[Opening RECORDED DATA section]

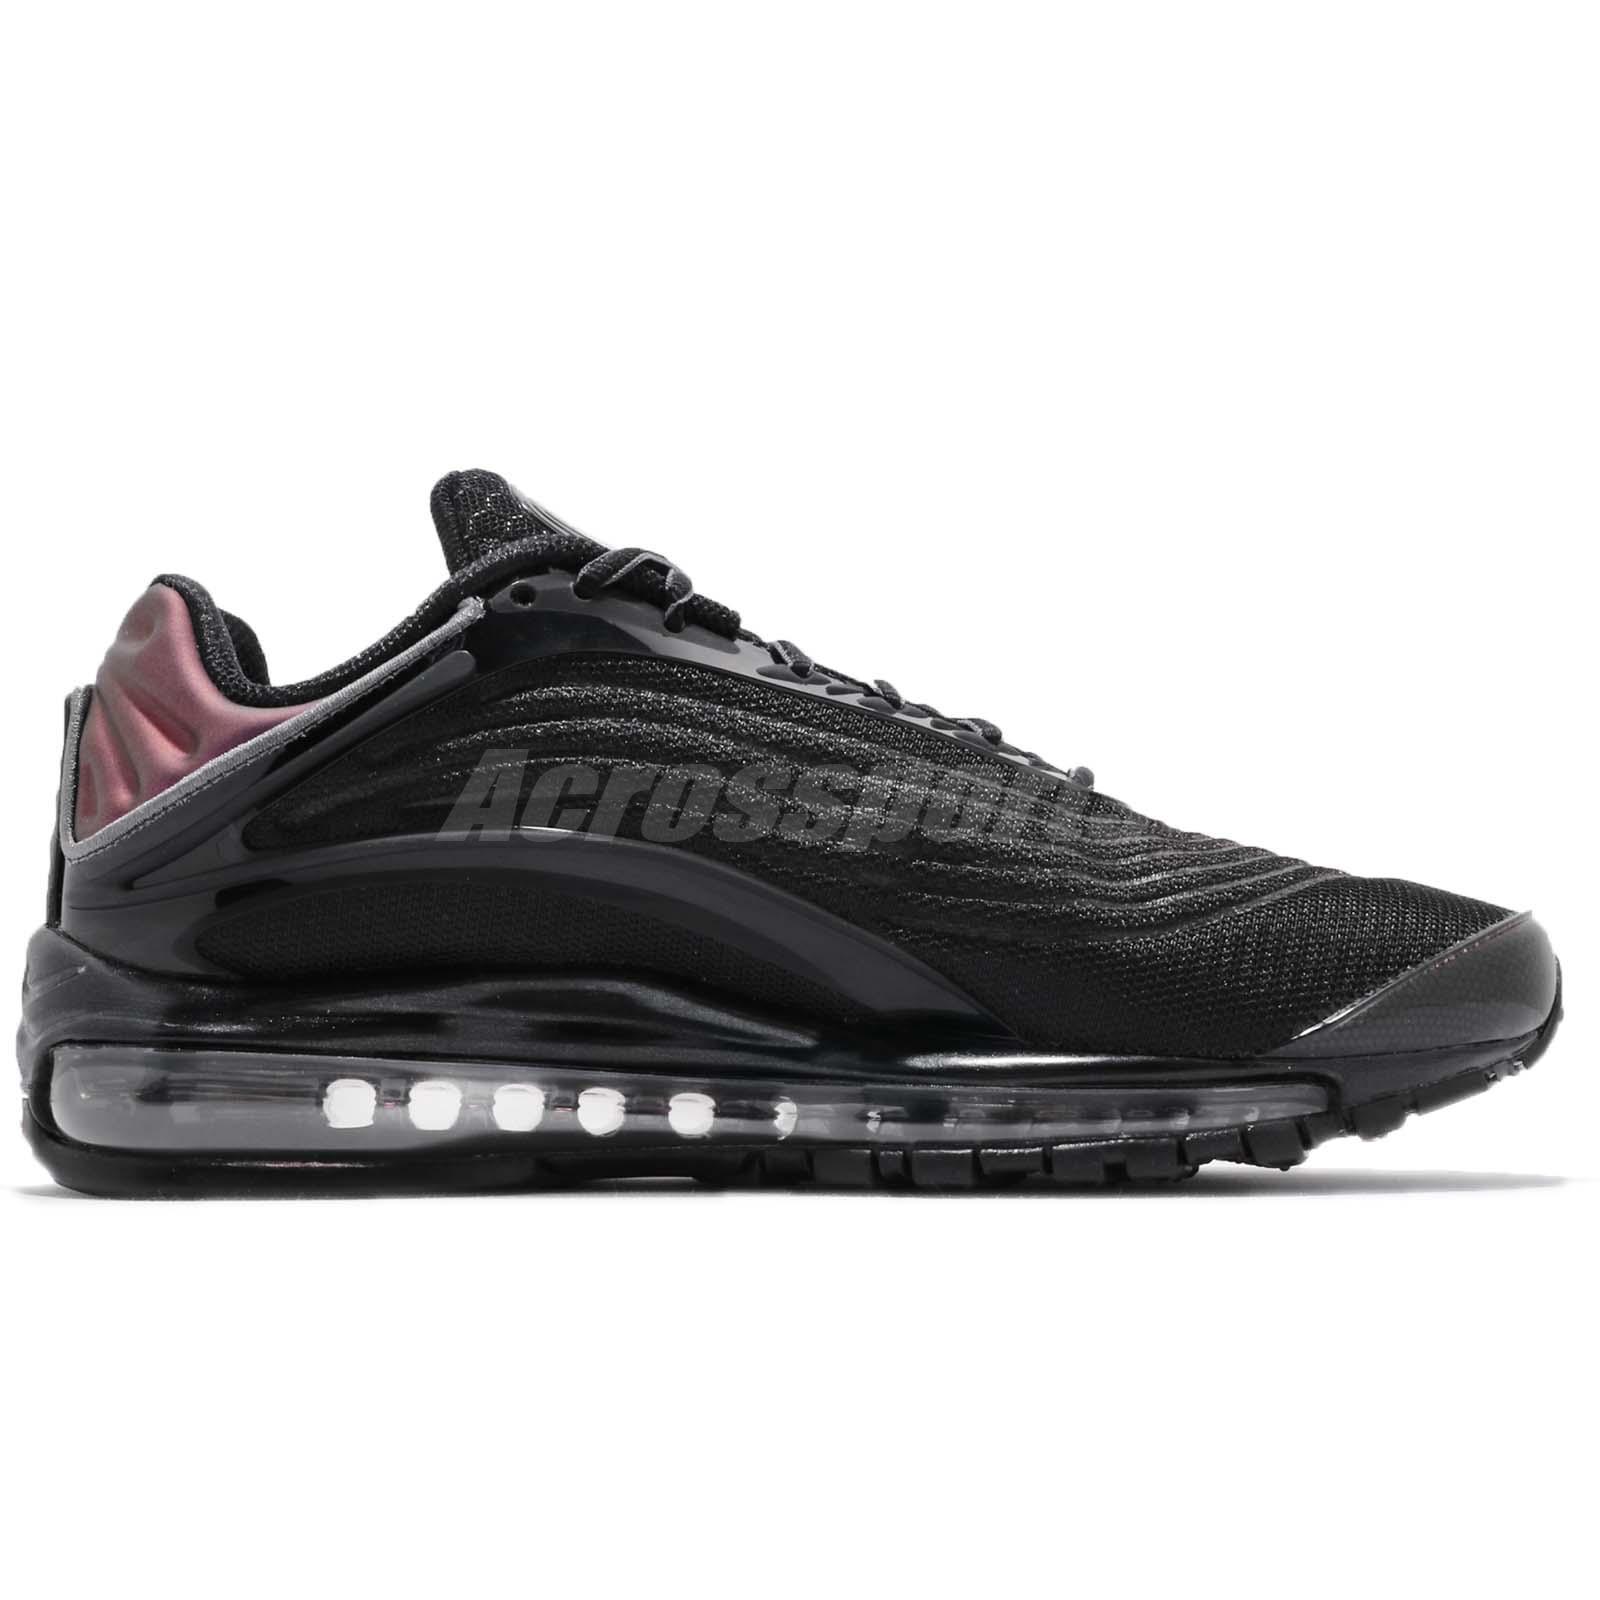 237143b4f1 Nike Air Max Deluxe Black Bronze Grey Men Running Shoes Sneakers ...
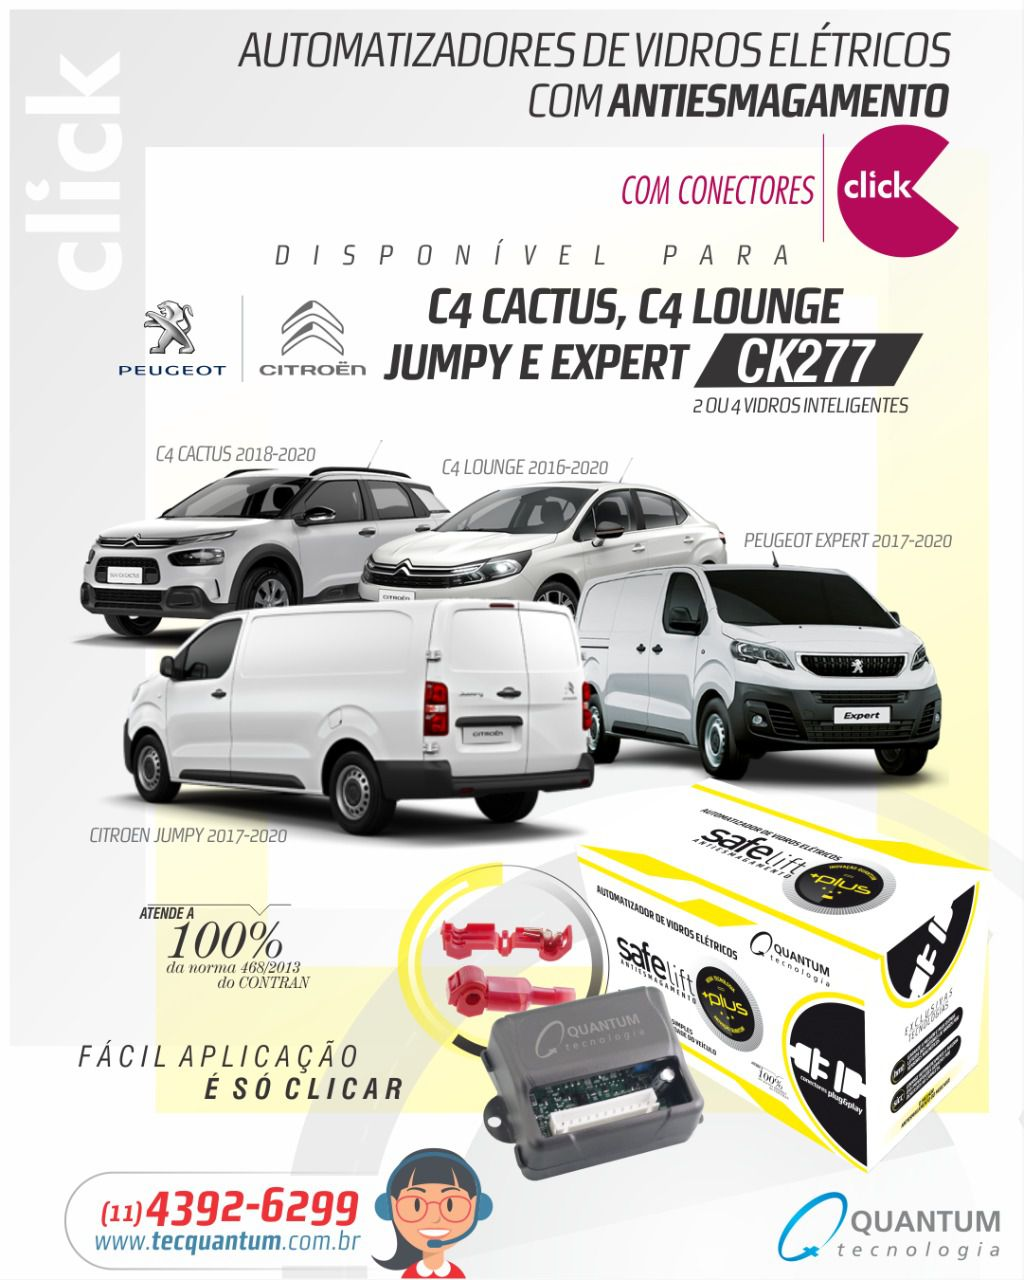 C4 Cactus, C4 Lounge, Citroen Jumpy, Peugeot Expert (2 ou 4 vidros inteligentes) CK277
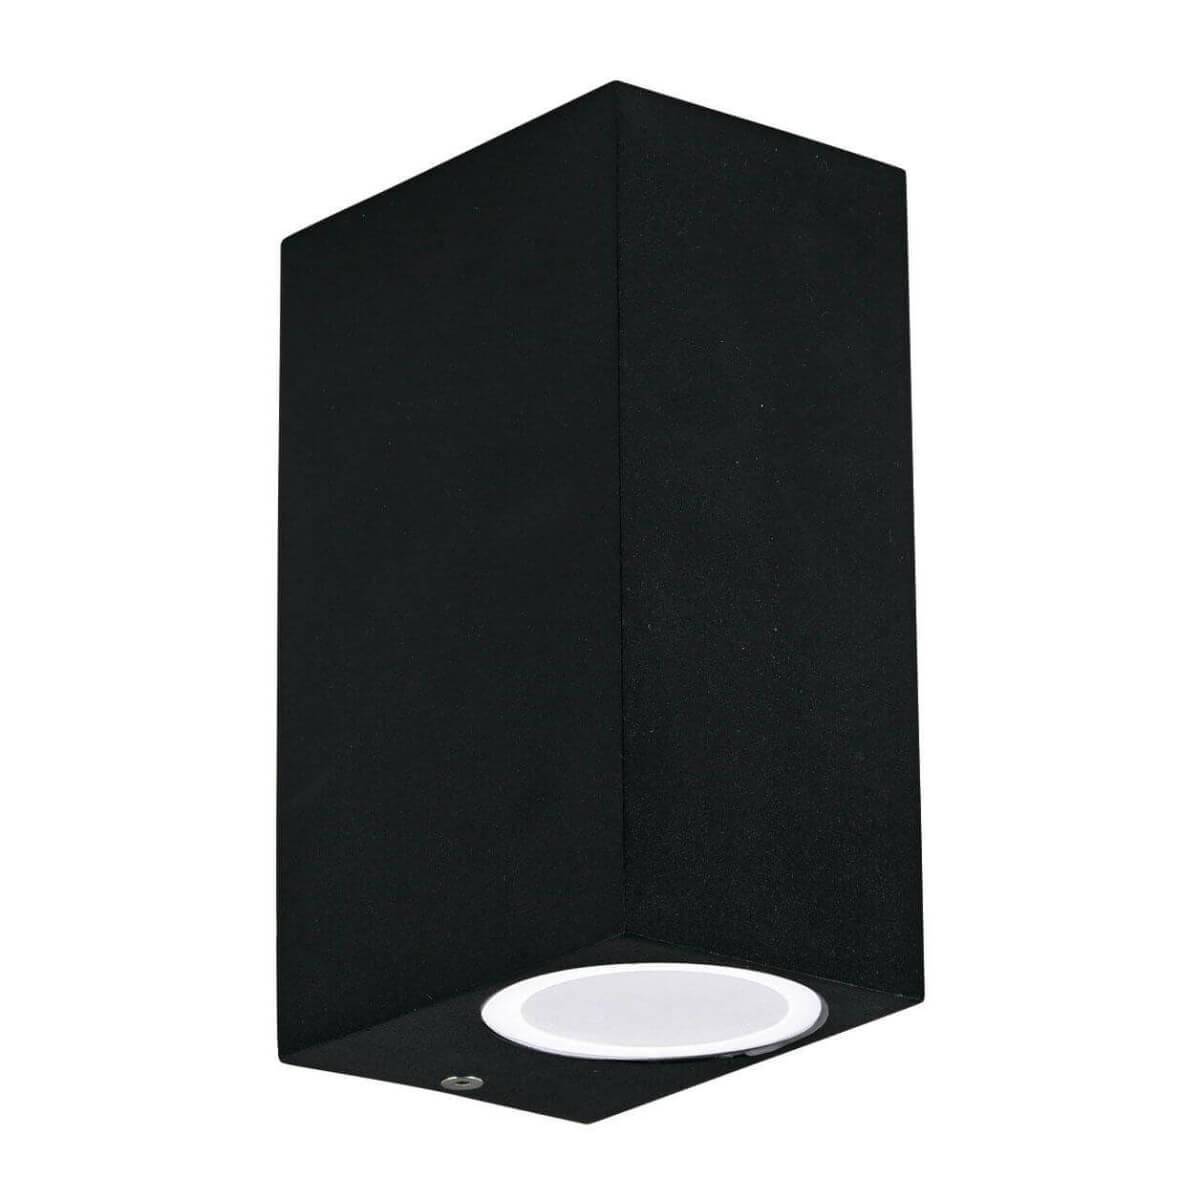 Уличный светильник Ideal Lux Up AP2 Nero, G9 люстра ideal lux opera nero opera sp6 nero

[Closing RECORDED DATA section]

--- EXERCISE OBJECTIVE ---
Reproduce the lines above letter for letter. The pictures stay behind.

--- WRITTEN ANSWER ---
 237143b4f1 Nike Air Max Deluxe Black Bronze Grey Men Running Shoes Sneakers ...
 C4 Cactus, C4 Lounge, Citroen Jumpy, Peugeot Expert (2 ou 4 vidros inteligentes) CK277
 Уличный светильник Ideal Lux Up AP2 Nero, G9 люстра ideal lux opera nero opera sp6 nero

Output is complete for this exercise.